- Exercise brief: Using the data that follows, output only the lines from the line with "Divani Casa Agatha" up to and including the line with "EzyDog Doggy Floatation", exactly, leaving pictures aside.

- Input data:
--------------------------------------------------

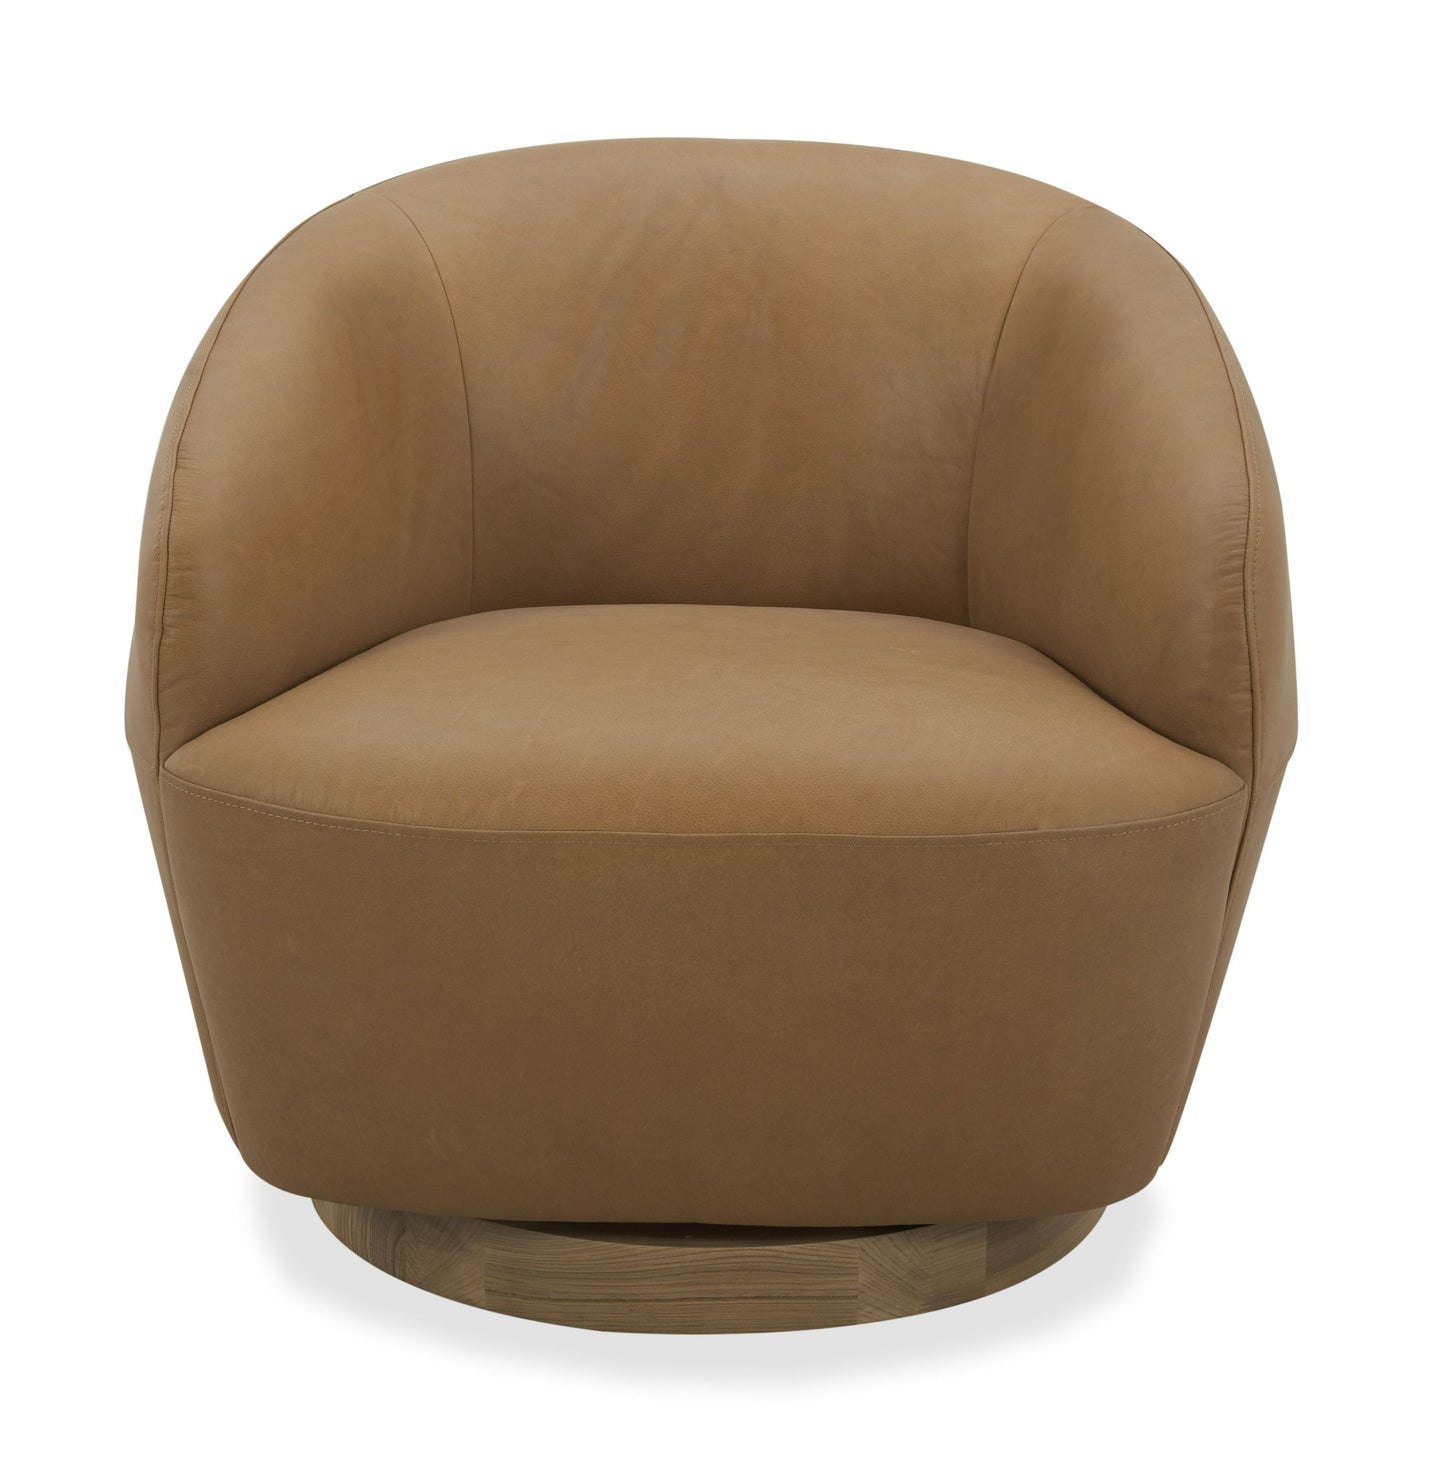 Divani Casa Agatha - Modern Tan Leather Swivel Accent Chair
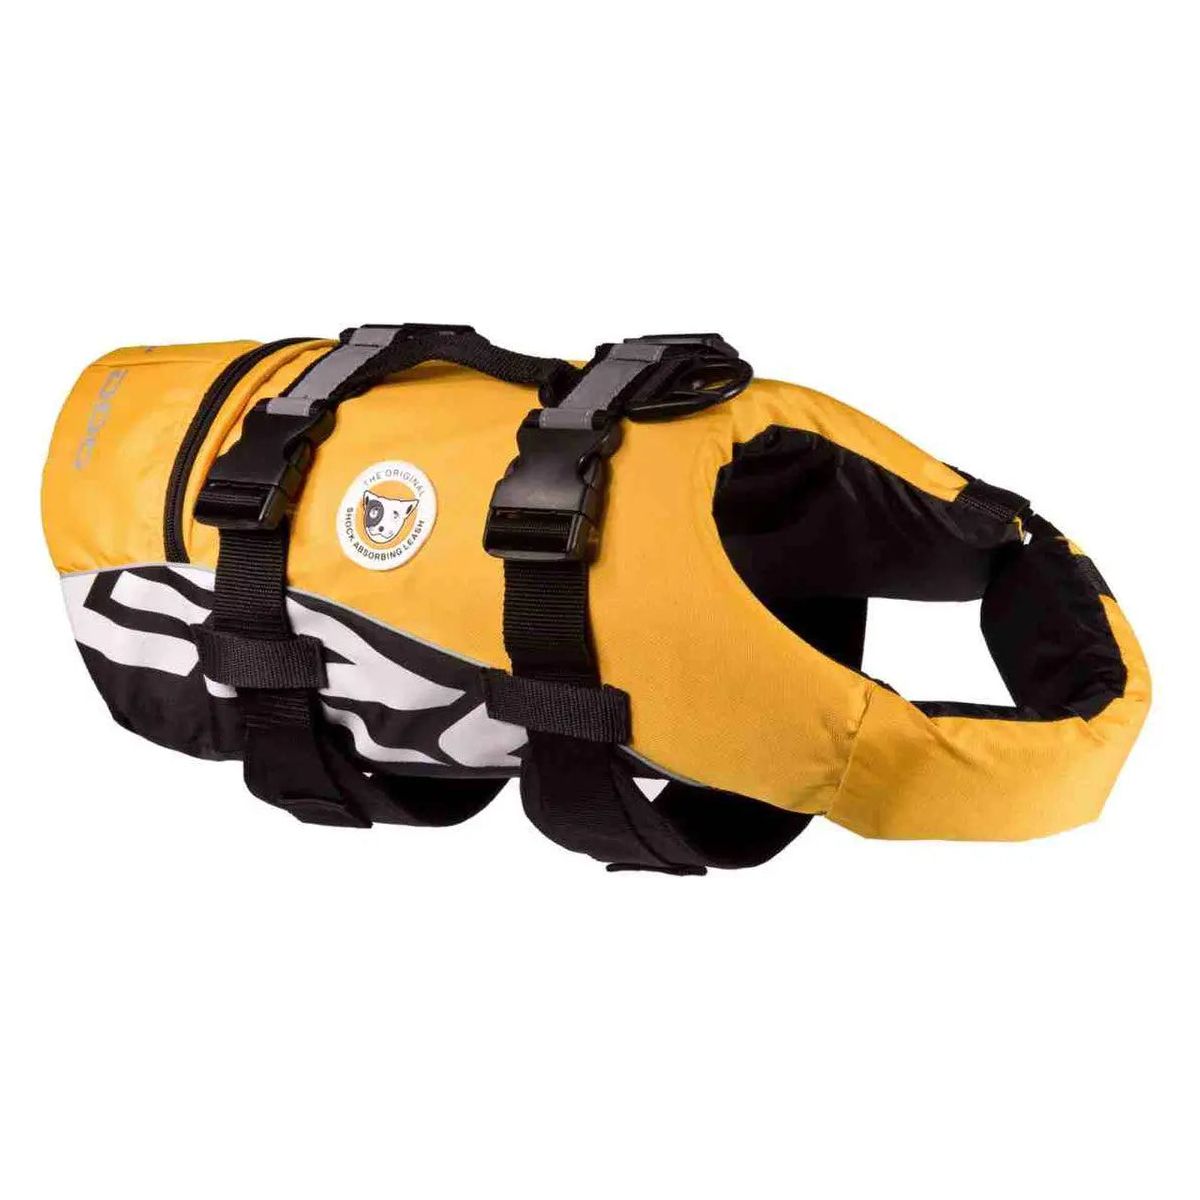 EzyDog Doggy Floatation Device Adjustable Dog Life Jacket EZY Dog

--------------------------------------------------

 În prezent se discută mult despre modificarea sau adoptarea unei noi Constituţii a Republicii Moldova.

--------------------------------------------------

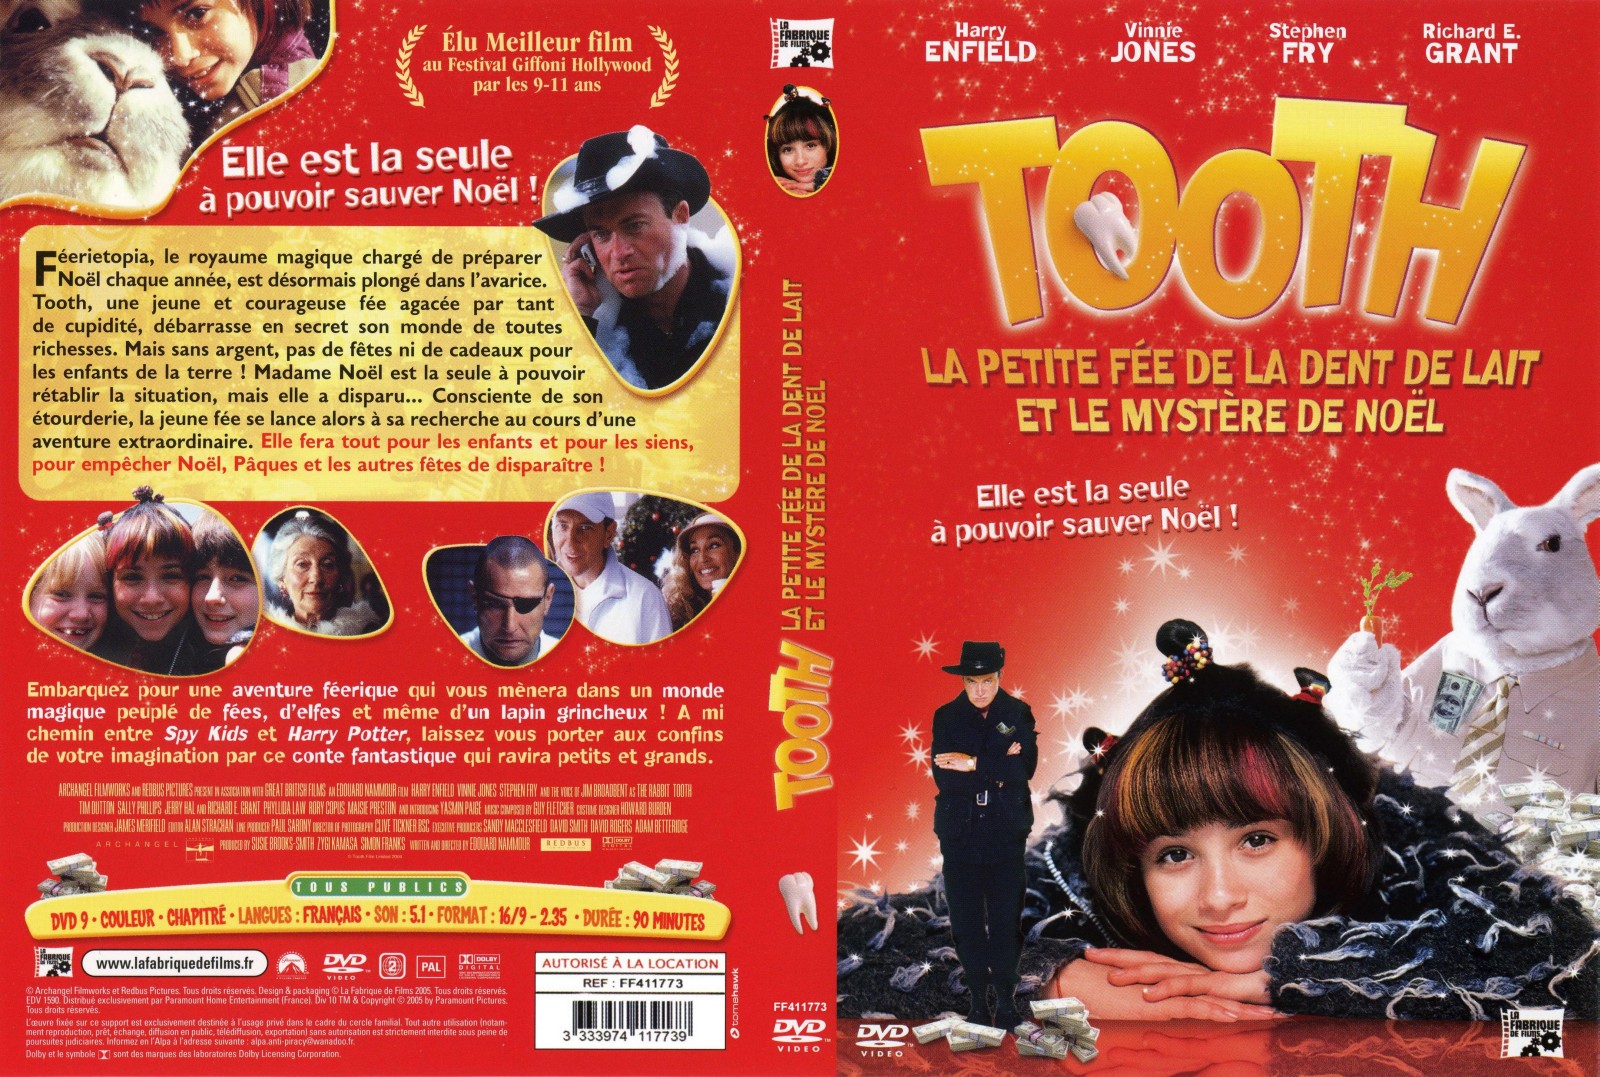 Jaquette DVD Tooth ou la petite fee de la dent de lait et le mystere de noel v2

--------------------------------------------------

- Solution below:
 Divani Casa Agatha - Modern Tan Leather Swivel Accent Chair
 EzyDog Doggy Floatation Device Adjustable Dog Life Jacket EZY Dog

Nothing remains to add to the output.